What is the Temple of God? Literally, it was the Temple that Solomon built in Jerusalem of course. That Temple was destroyed by Nebuchadnezzar and the Babylonians in 587 BC. A new, much smaller Temple was later built by King Zerubbabel2 and Joshua, the High Priest, who was symbolically crowned king by Zechariah3.

This second Temple was later tremendously enlarged and made much more beautiful by King Herod. He started building it in 19 BC and completed it in 12 BC, but the whole project was only fully completed in 64 AD. The Jewish revolt in 66 (two years later!) brought the Roman legions who, under the command of Vespasian and later Titus, completely destroyed this Temple when they conquered Jerusalem in 70 AD.

Not a single stone would be left on another, the Lord Jesus said.4 And it turned out exactly as the Lord prophesied.

What is the Temple of God now? The Greek word used here is ‘naos’, which is used with reference to the holiest part of a Temple, which only the priests were allowed to enter. Whenever this word ‘Temple’ is used in the Book of Revelation it refers to the celestial sanctuary, where God is,5 except in Revelation 11:1–2, where it possibly refers to a new Temple that is yet to be built in Jerusalem.

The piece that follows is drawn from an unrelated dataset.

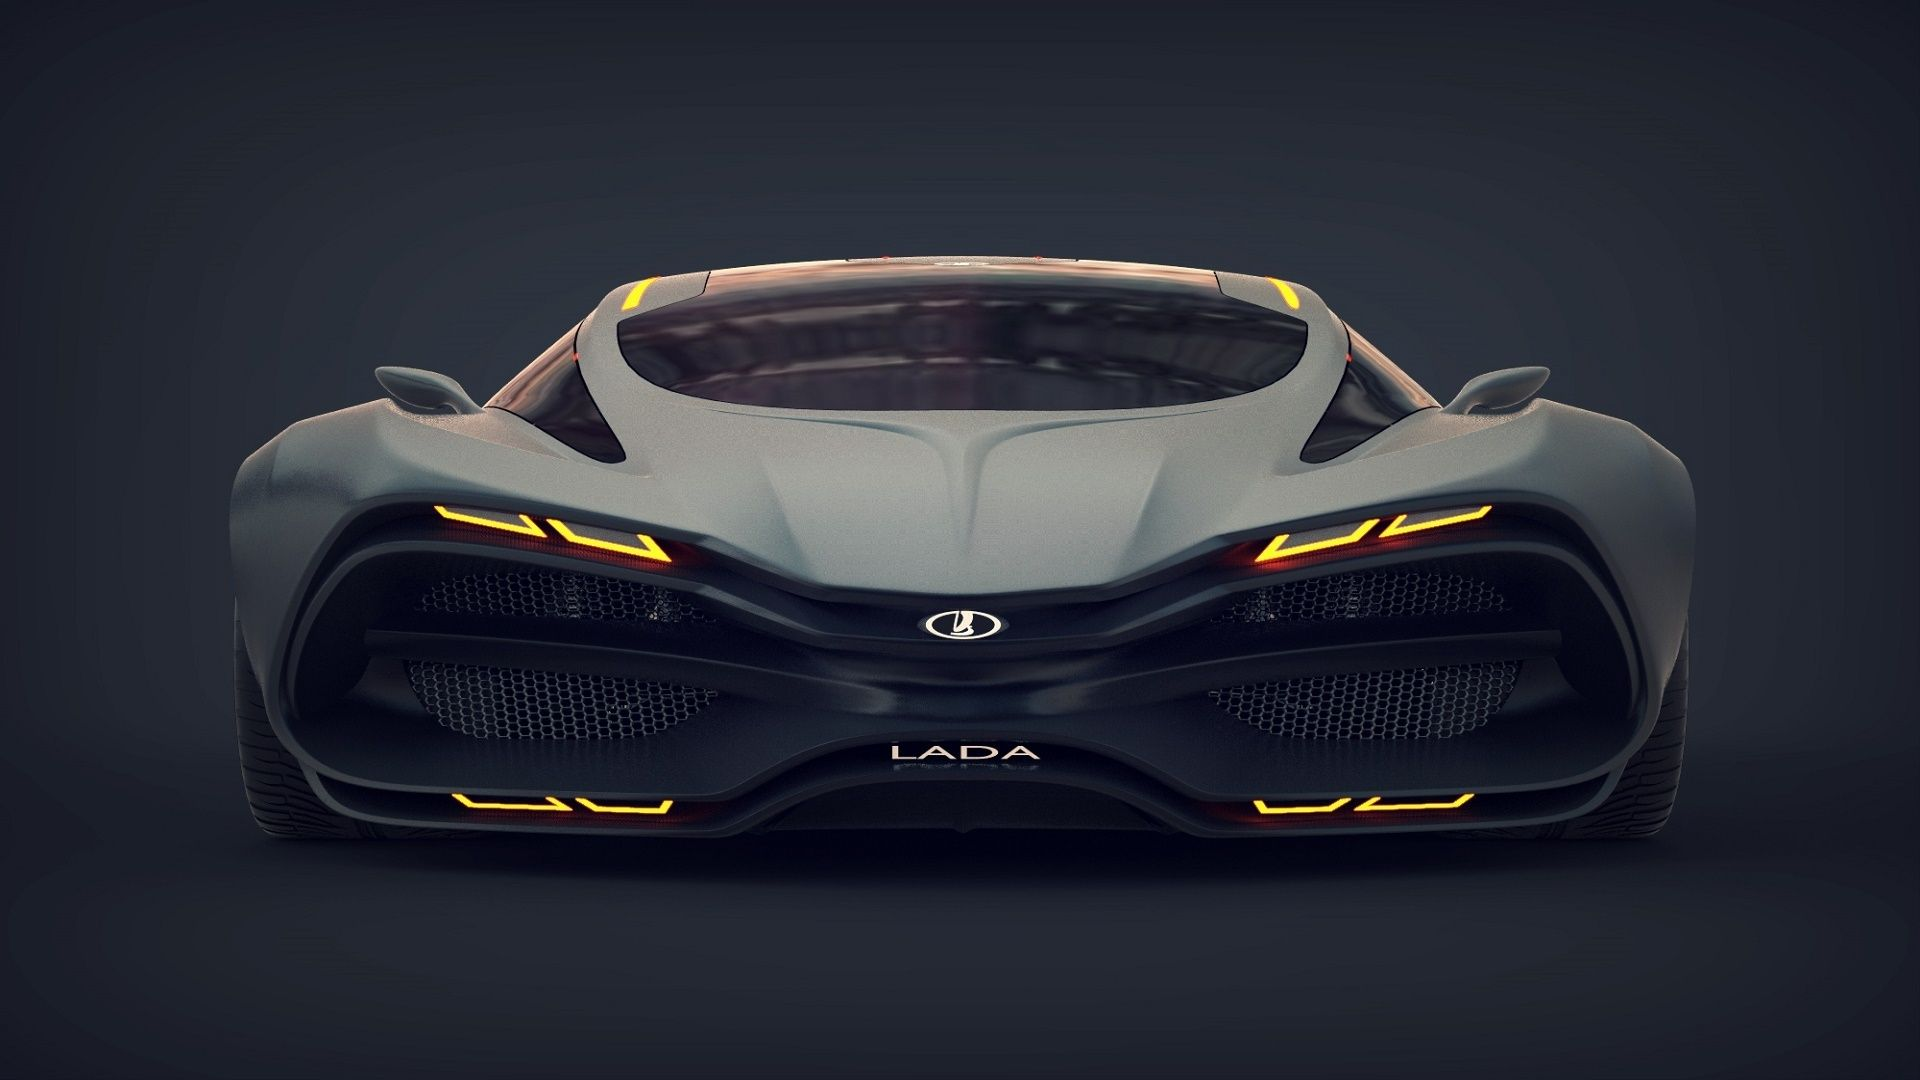 Lada Raven Wallpapers 1080p Super Cars Concept Cars

Overcomers, those who are victorious, of course cannot become literal pillars in that Temple however! They are to become pillars before God and His throne in His celestial Temple, just as they were pillars in God’s house on earth, the Church, like James, Cephas and John.6 Paul writes: “…recognizing the Grace that had been given to me, James and Cephas and John, who were reputed to be pillars, gave to me and Barnabas the right hand of fellowship…” There they were ‘living stones’;7 soon they will be pillars in the Temple in the Heavenly Jerusalem, Revelation 21:2-3! Their fellowship with the Most High will never again be severed.

They will be given a triple new name. Christ will write this on him or her—the Name of His Father, and the name of the Lamb’s bride (for that is the new Jerusalem8), that will descend from God to earth one day), and His new name.9

The victors in Pergamum themselves received a new name; those in Philadelphia are going to bear Christ’s new name. What is this name? No one knows what it is. That is the secret of the bridegroom with His bride.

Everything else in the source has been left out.